Далее, – бизнес – тоже для нашего героя своего рода «спорт». Василий – изобретательный бизнесмен, и выказывает во всём, что предпринимает недюжинную смекалку, кураж и упорство. Сдаваться он не любит и всегда пробивается к задуманному. По натуре он человек крайне эмоциональный Здравый смысл, однако, не задвигает, хоть бы и хотелось временами ему окунуться в грёз бесконечность.
Некогда эмоции составляли слабость его, порождали стресс, печаль и усталость. От того он и сподвиг себя к приобретению навыков, кои от любви к азарту и по причине неравнодушия к жизни причислил к спорту. Он требует от себя в делах целеустремлённости и окончательной целостности. Работу свою он делает безукоризненно красиво. Однако, даже на самые серьёзные вещи имеет взгляд заряженный здоровым и отрешённым чувство юмора.

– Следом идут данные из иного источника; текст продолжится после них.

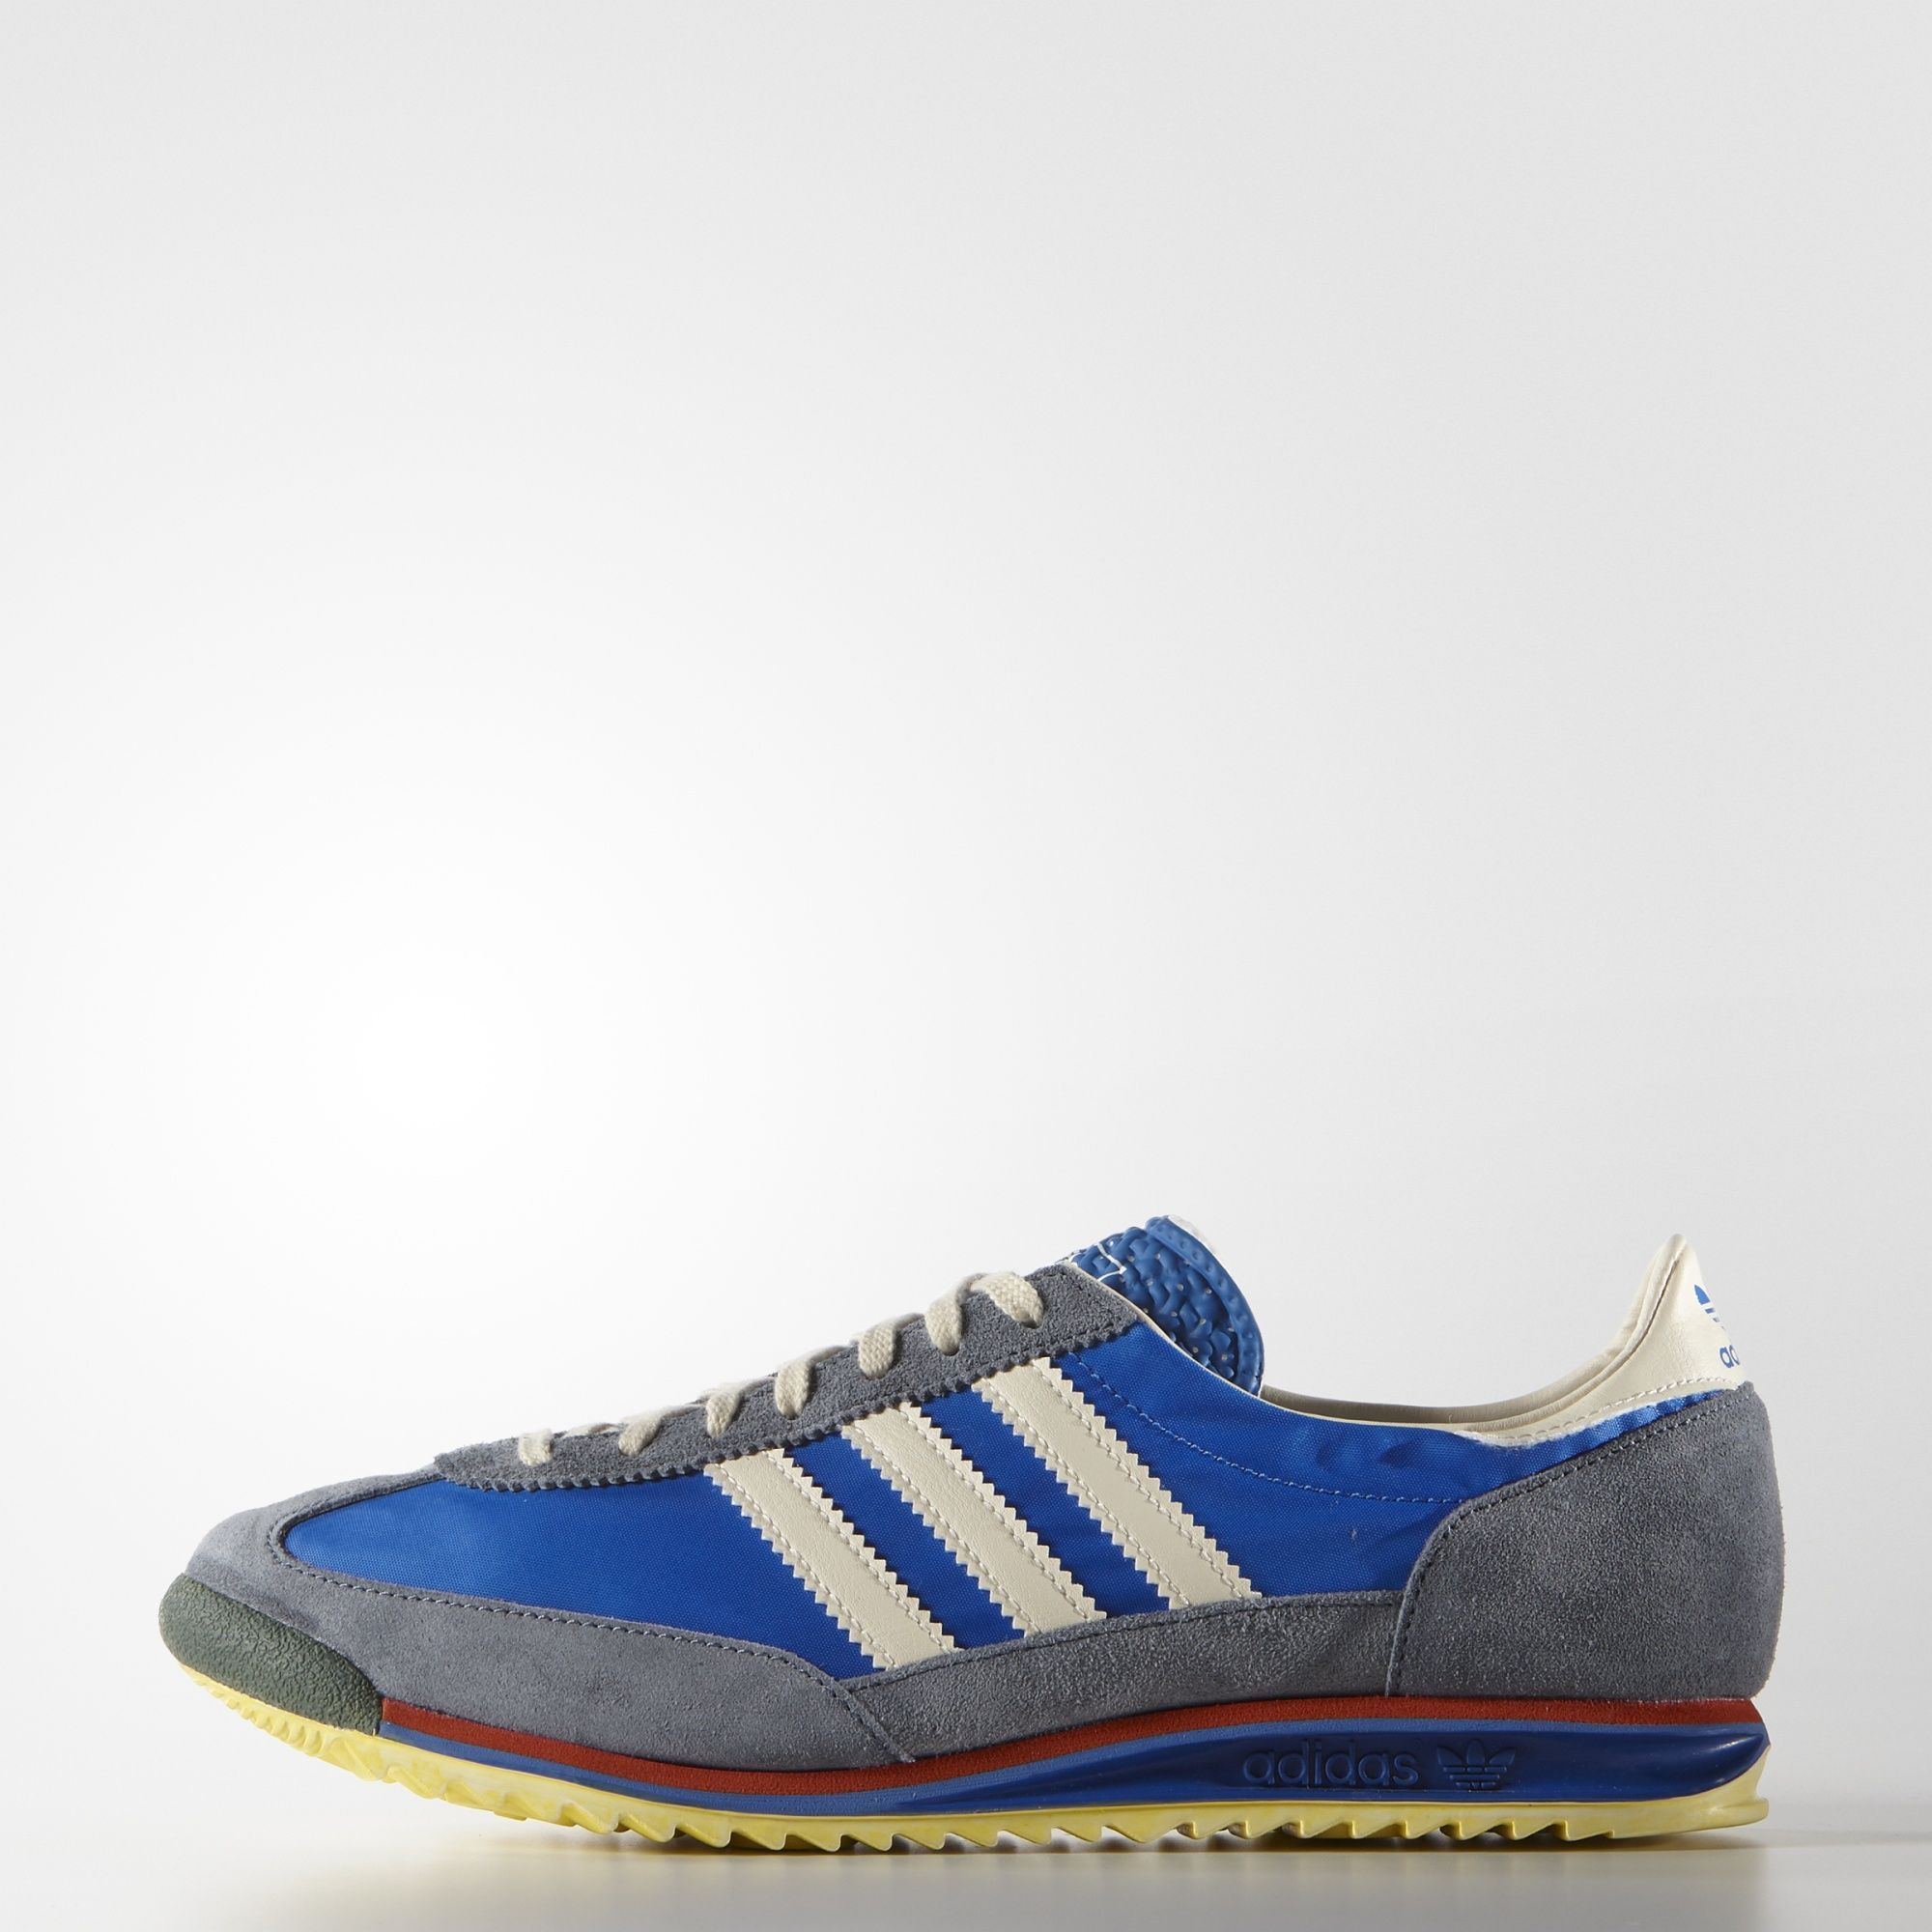 adidas SL 72 Vintage Schoenen | Vintage schoenen, Schoenen

В юморе находит он отстранённость и черпает силы для защиты от напряжения в работе по самосозиданию. Подвиг сей даётся Василию не без труда. Правдами и неправдами, используя хитроумные уловки и самоконтроль, он собрал характер свой из раздробленных эмоциями частиц, и теперь эмоциональность, превратилась в одну из его сильных сторон. Она даёт его творчеству живость и непосредственную самобытность, не повергая, однако, в суету и хаос. Строгий алгоритм жизни, – коего придерживается Василий – не помешал ему среди характерных черт себе оставить мечтательность и сентиментальное простодушие.
Василий – творец. Он превратил эмоцию в топливо своего творчества. Возбуждая в себе эмоциональность, и вправляя вибрации в жёсткие рамки организованной им системы, которую он называл «спортом», Василий смог воплотить, казалось бы, невыполнимые решения. Его воля остро сконцентрирована на воображении! Всё чего он достигает находится прямо перед ним, и он никогда не упускает из поля мысленного взора предмета своих устремлений. Василий – Архитектор, и Художник, и Изобретатель. Любое направление, в котором направлен его ум, оживает новыми открытиями. Энергия генератора идей в нём – неисчерпаема!
Василий – Человек–Мир, он создаёт неустанно в своей голове фантастическую страну. Он населяет свой мир вещами, – зданиями, скульптурой и картинами, – отражающими его идеальное представление об окружении.  Он соизмеряет с миром вымышленным свои реальные творения, чтобы гармонизировать вокруг себя мир явный в соответствии со своим представлением о совершенном. Он приучил себя изучать свои рисунки, эскизы и воплощённые работы, чтобы по крупице отыскивать в них собственную неповторимую суть.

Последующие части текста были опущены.